Exactly the lines from the line containing "give me an image" through the final line of the entries below must be returned, and only those, without pictures.

====

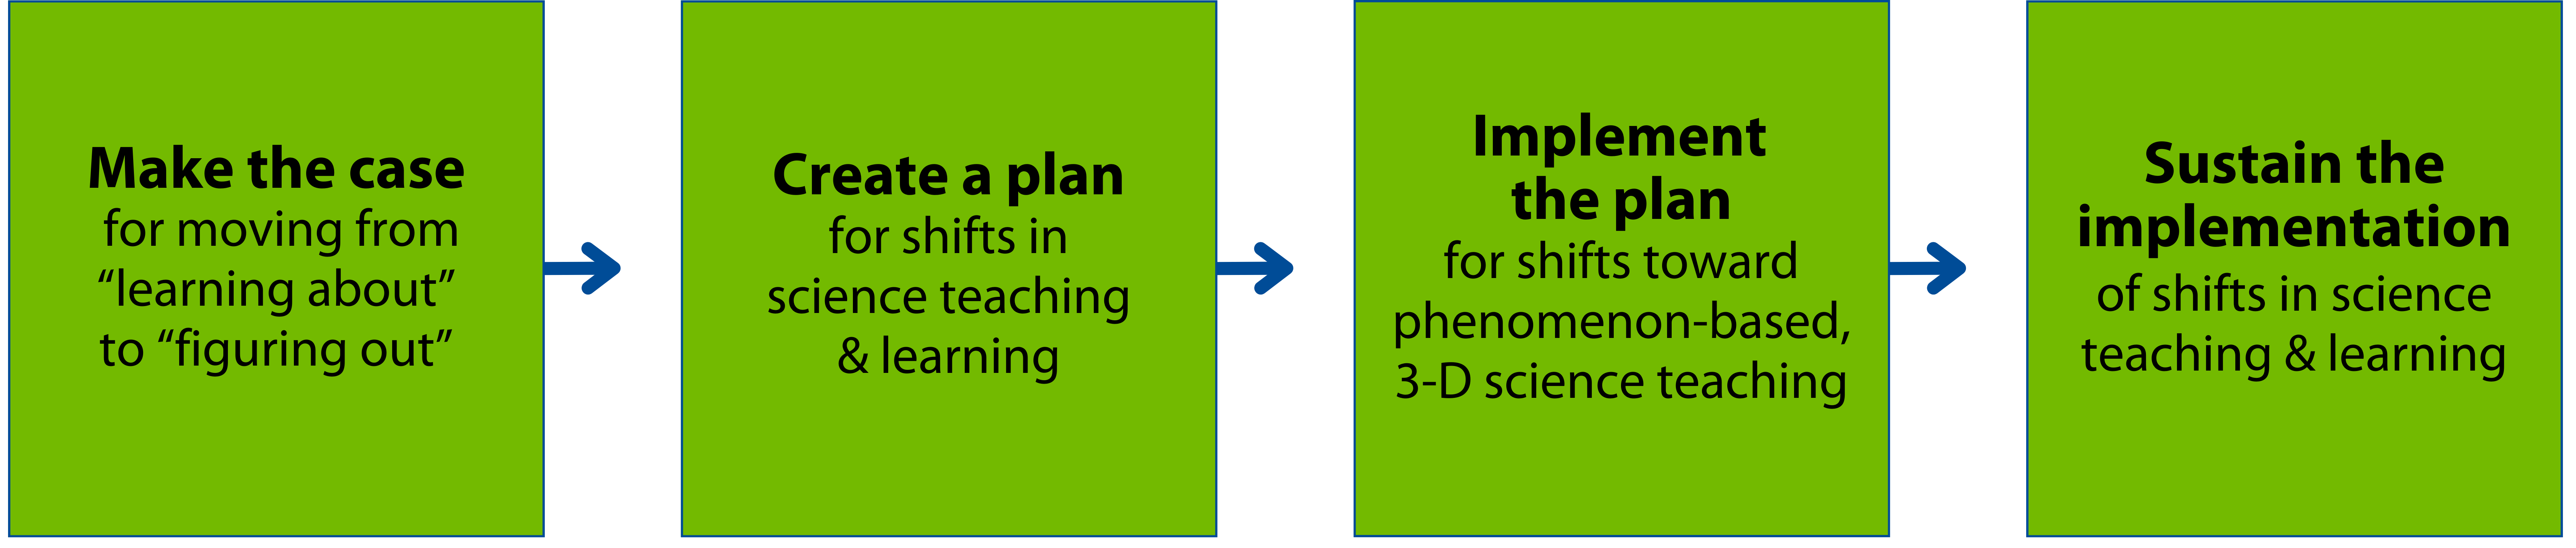 Make the case for moving from "learning about" to "figuring out”; Create a plan for shifts in science teaching & learning; Im
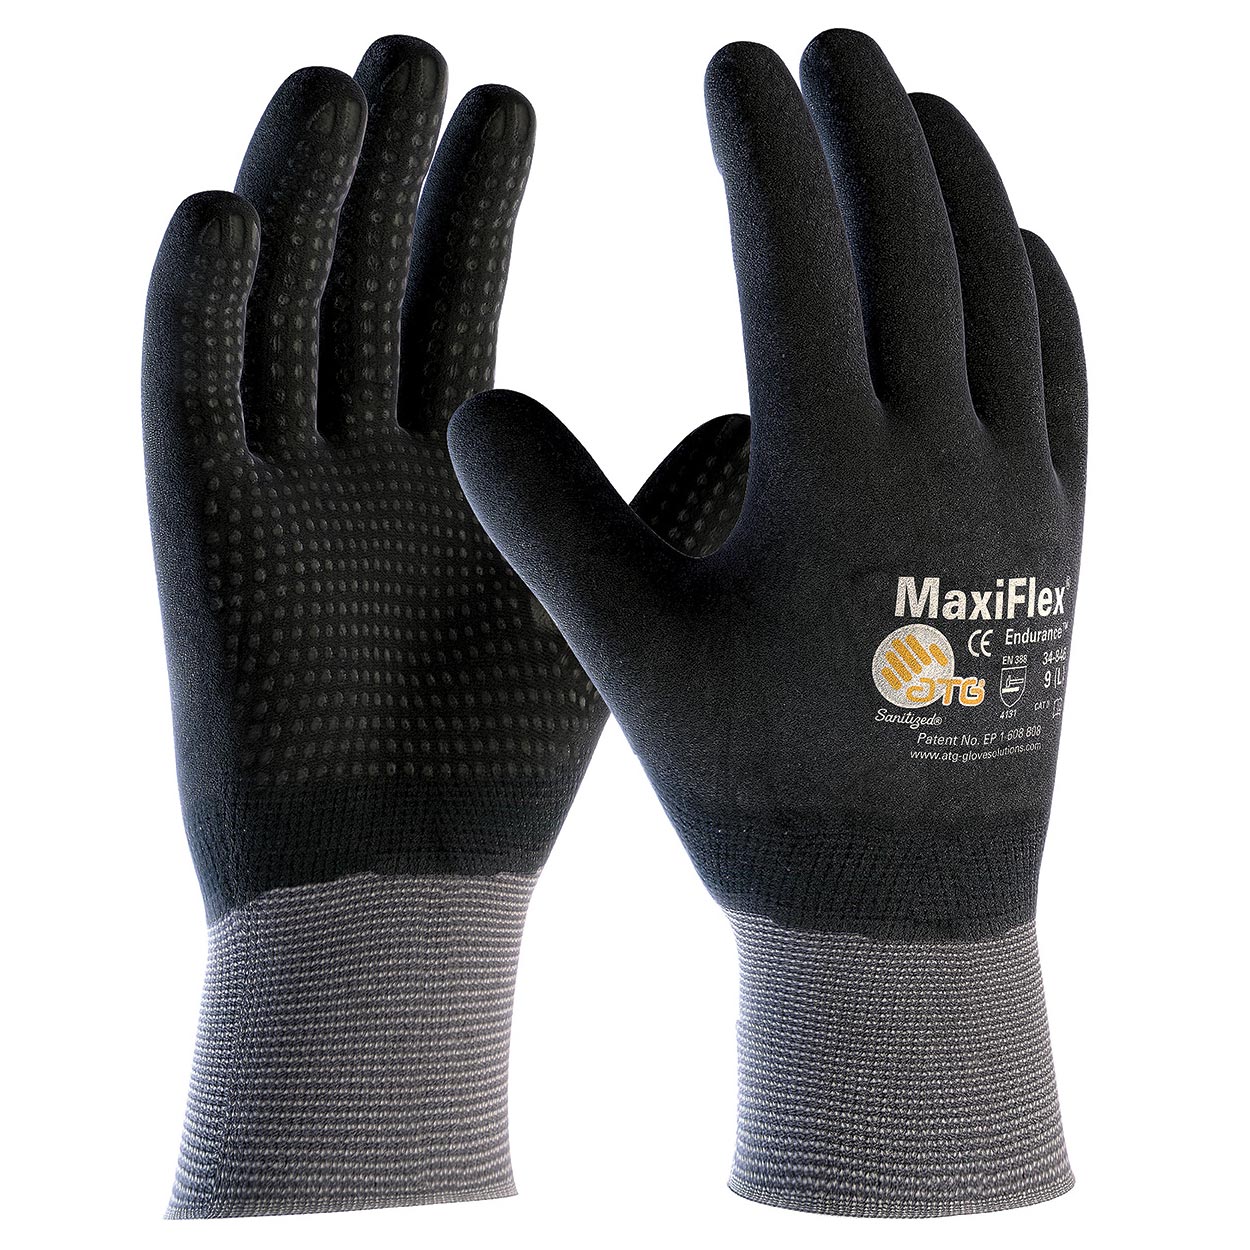 PIP 34-846 MaxiFlex Endurance Seamless Knit Nylon Gloves with Nitrile Coated on Full Hand (12 Pairs)-eSafety Supplies, Inc
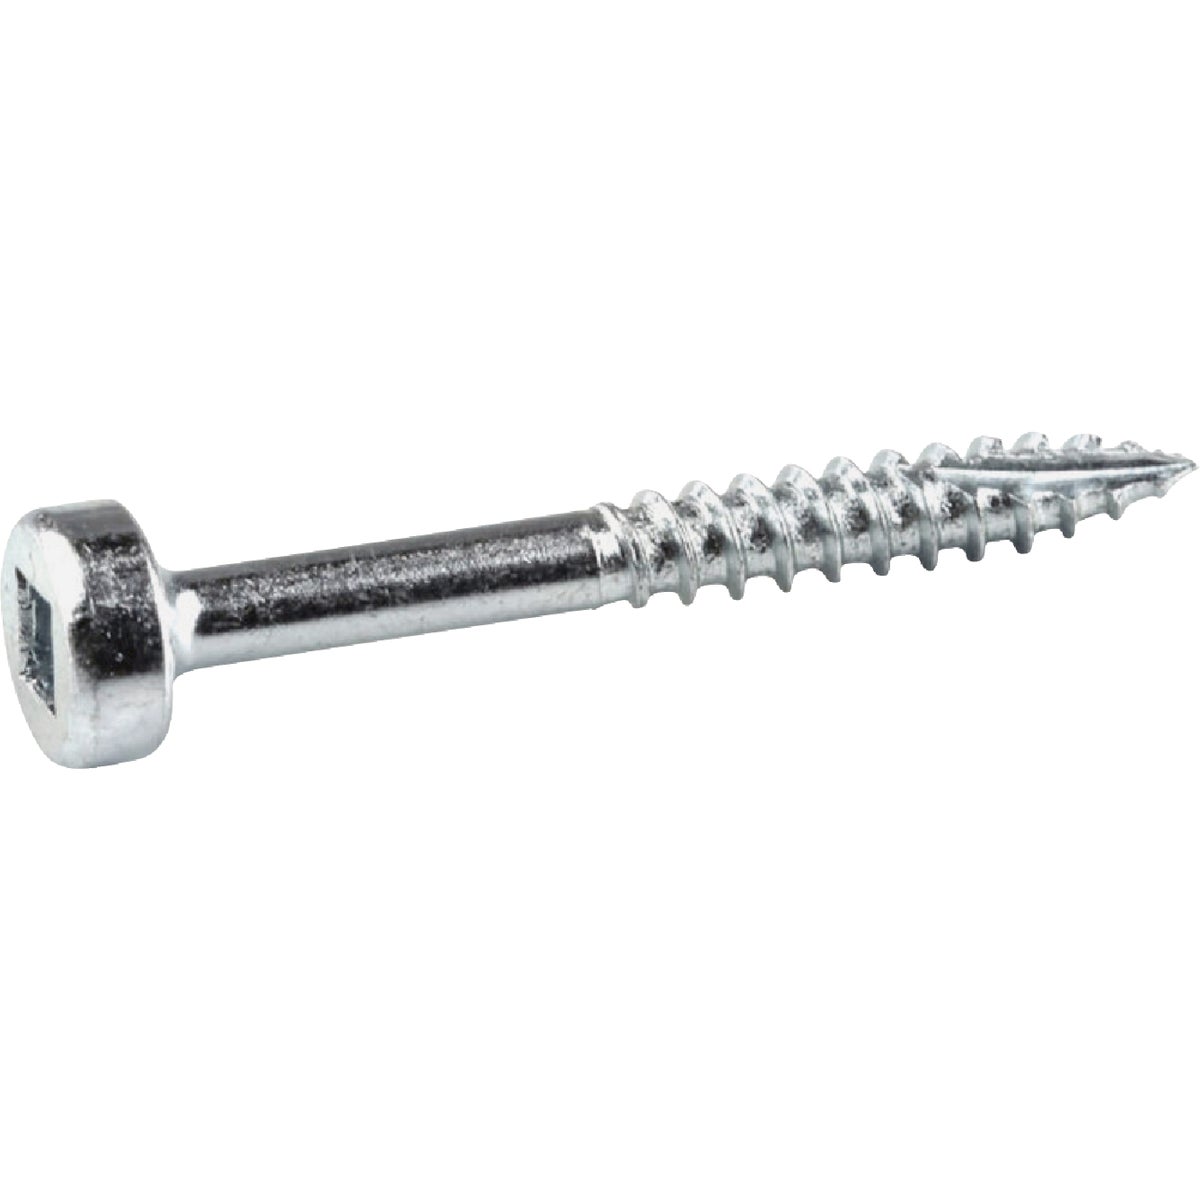 Item 320978, Kreg Zinc Screws are a good choice for a wide variety of indoor projects 
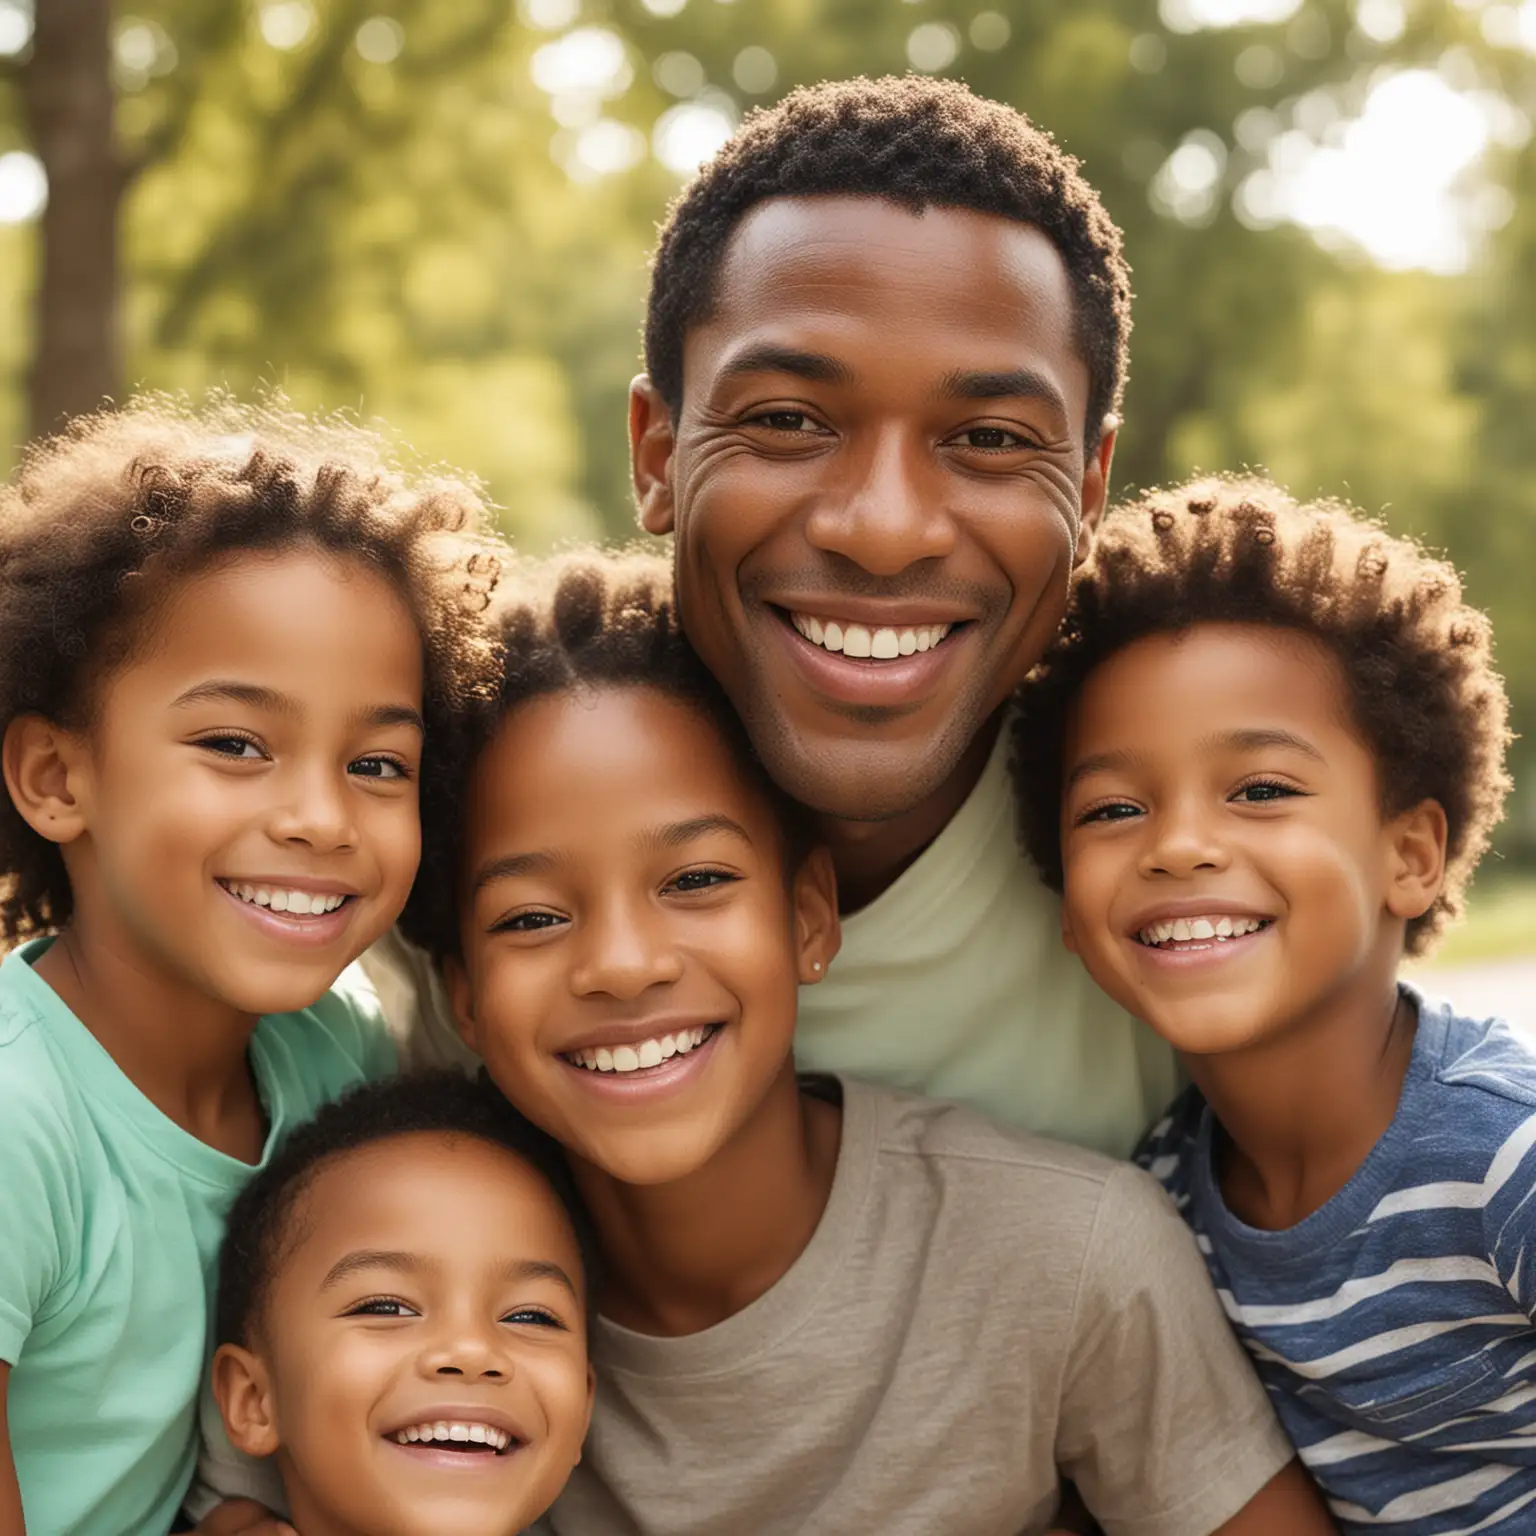 give me an image of an African-American man with kids smiling
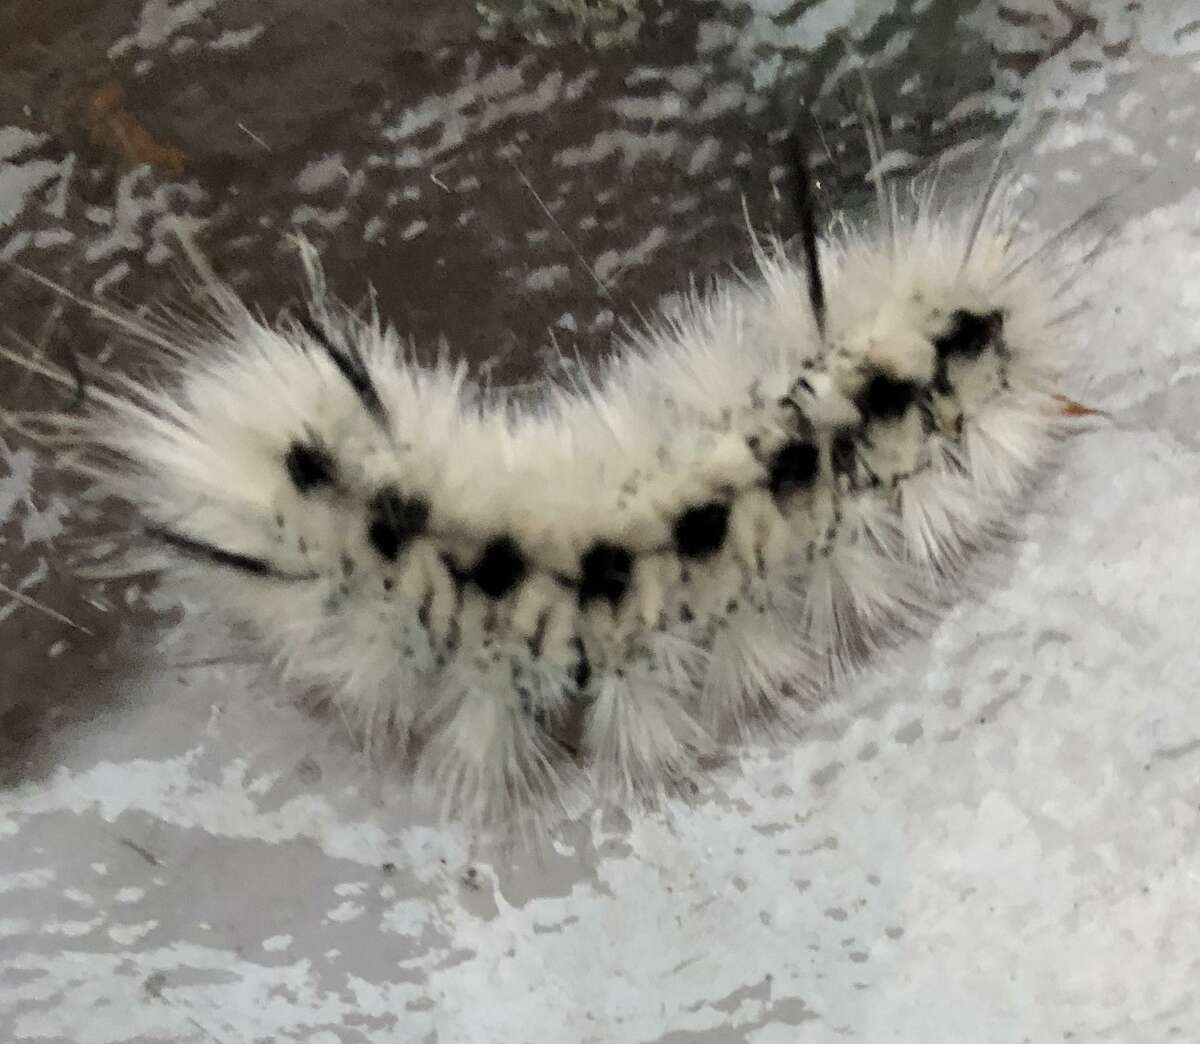 The Black and White Furry Caterpillar, also known as the Lophocampa caryae, is actually the larval form of the Hickory Tussock Moth. Originally found in Canada, these insects have made their way southwards into the New England and Mid-atlantic regions. Appearing most commonly during the summer and early fall months, the insect can be found eating the leaves of several tree and plant species.

====

### TASK RESULT
 give me an image of an African-American man with kids smiling
 The Black and White Furry Caterpillar, also known as the Lophocampa caryae, is actually the larval form of the Hickory Tussock Moth. Originally found in Canada, these insects have made their way southwards into the New England and Mid-atlantic regions. Appearing most commonly during the summer and early fall months, the insect can be found eating the leaves of several tree and plant species.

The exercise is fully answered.